Record extracts.

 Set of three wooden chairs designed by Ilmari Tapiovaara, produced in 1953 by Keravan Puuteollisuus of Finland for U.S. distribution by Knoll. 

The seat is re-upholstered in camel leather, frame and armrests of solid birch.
...
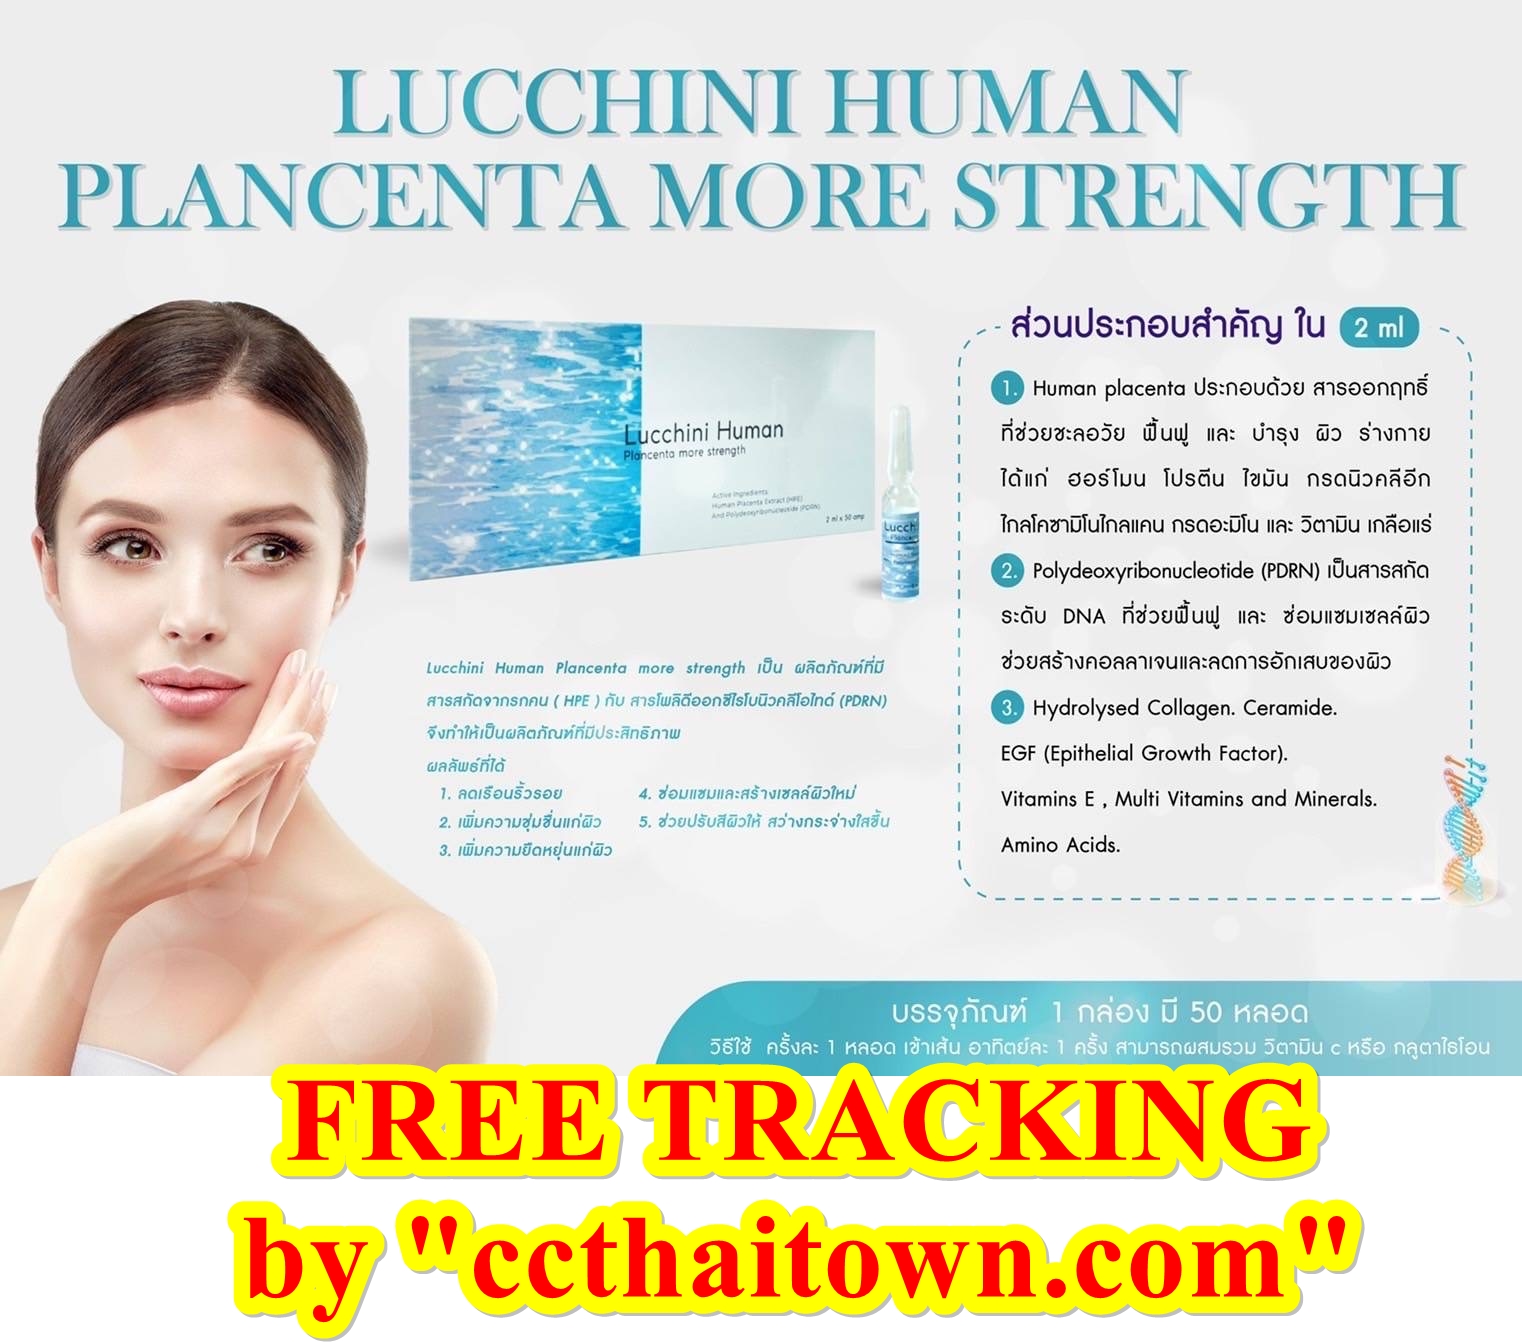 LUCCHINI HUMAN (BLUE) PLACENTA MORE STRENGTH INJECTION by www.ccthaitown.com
---
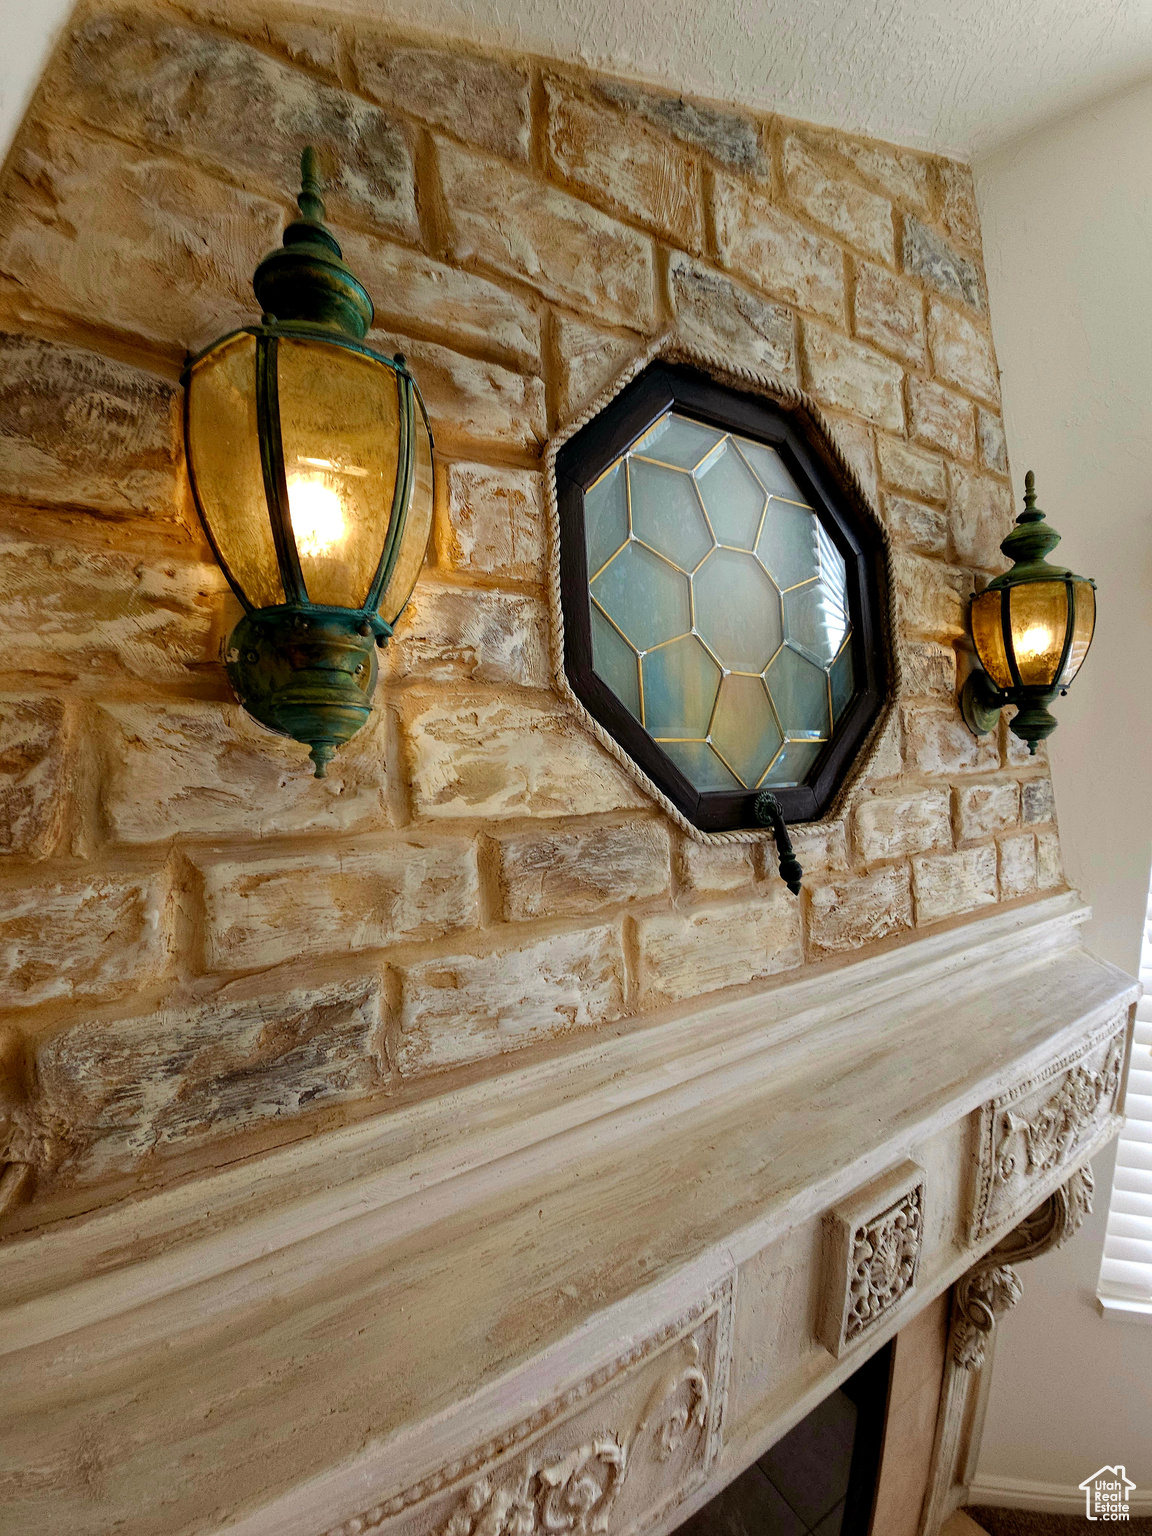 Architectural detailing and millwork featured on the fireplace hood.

What is expected.
Begin with the line that has "Set of three" in the listing above and end after the line that has "The seat is"; output those lines exactly.

Problem solution.
 Set of three wooden chairs designed by Ilmari Tapiovaara, produced in 1953 by Keravan Puuteollisuus of Finland for U.S. distribution by Knoll. 

The seat is re-upholstered in camel leather, frame and armrests of solid birch.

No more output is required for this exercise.